Blender AgX in darktable (proof of concept)

If this is what a particular user want I don’t see a huge problem with it, but I still feel a bit weird having it turned on by default.

The thing is, why are we able to “linearize” it by using a power curve? Isn’t this amazing?

We start with linear data, then we apply a log curve, and then the sigmoid. If we want to “linearize” it, why not apply the inverse sigmoid, and then inverse log curve? In actual practice, we apply an additional power curve, and we say that we “linearized” it.

My personal answer is that, the picture is formed at this state by us “pretending” the picture is designed for a particular display. Under this assumption, we are able to call the power curve an EOTF. It doesn’t have to be a power curve, if we pretend it’s for sRGB piecewise transfer function, we can apply the piecewise EOTF, it’s completely fine.

Troy even has an idea that we can just “pretend” the result is in HLG, and straight up apply HLG EOTF to “linearize” it to be a Rec.2100 “HDR” picture.

If you completely throw away the “target display” meaning of it, then it just doesn’t make sense anymore why we can “linearize” the picture with a power curve.

If we enforce the meaning behind the “linearization”, the “keep pivot on identity line” feature really is dynamically changing the native state that the picture is formed in.

Again, I don’t think it’s “wrong”, I just think it’s weird to be set as default.

I think it’s reasonable to say that the parameters work together, so parameters would influence each other’s results.
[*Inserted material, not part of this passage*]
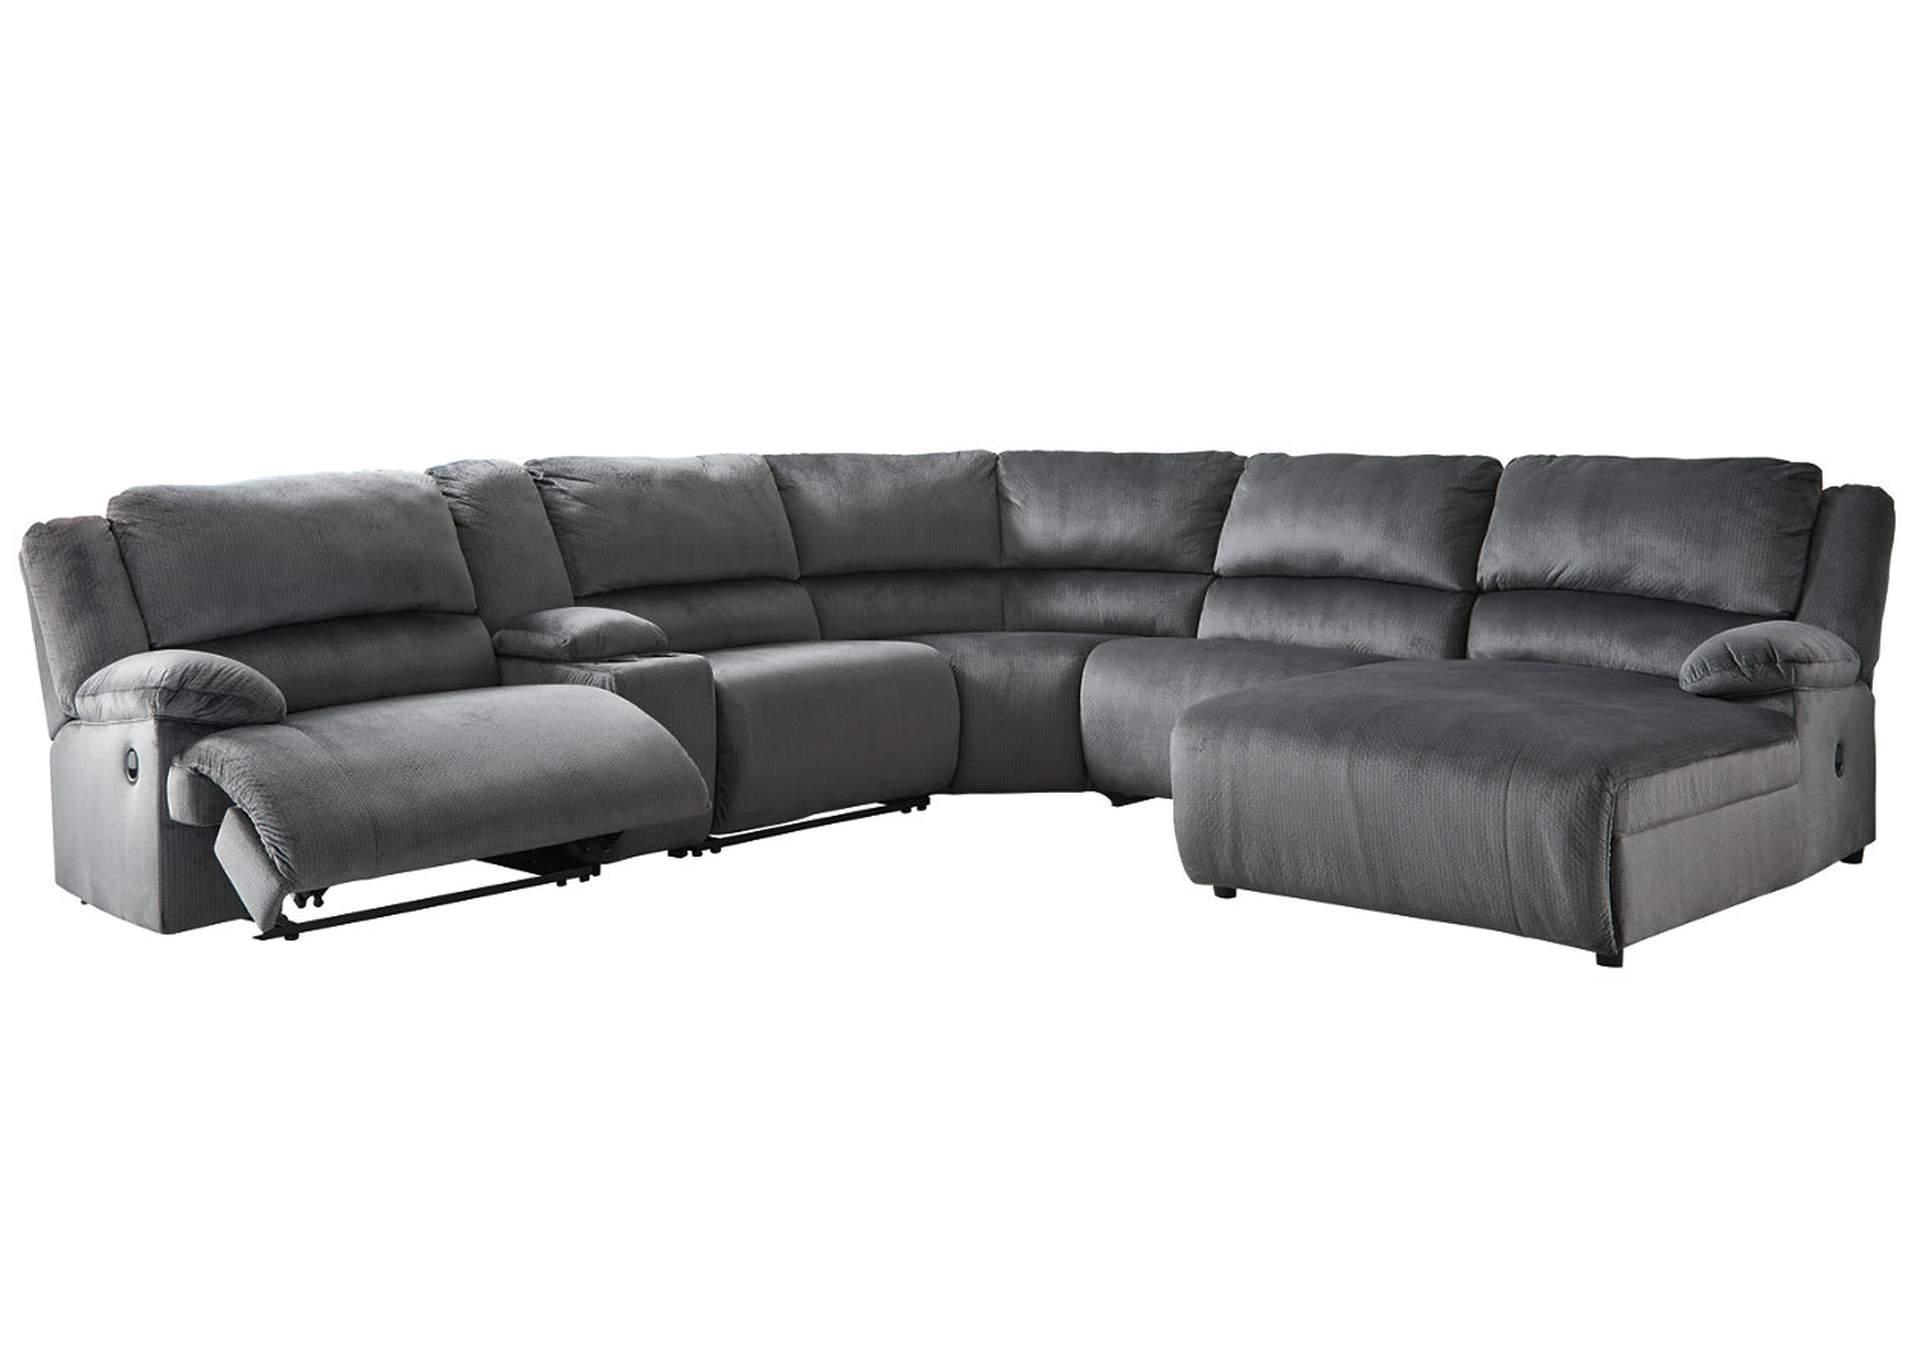 Remarkable Furniture American Furniture Of Slidell Clonmel Charcoal Inzonedesignstudio Interior Chair Design Inzonedesignstudiocom

I don’t think this would really be an issue.

Also, I don’t think people should touch the exposure range too often, at some corner cases people might need to turn the max exposure down because the RAW footage has hardware sensor clipping issue below the default +6.5 stop max. For other cases I really don’t think people should use the picker to do the auto exposure range thing. Like what Troy posted in the comment you linked to, perceptual “whiteness” can occur at any code value, you don’t need to put the max of the original data to the max of the picture code value to make it “white”.

That’s exactly why I think “keeping the curve an S shape” is a weird requirement.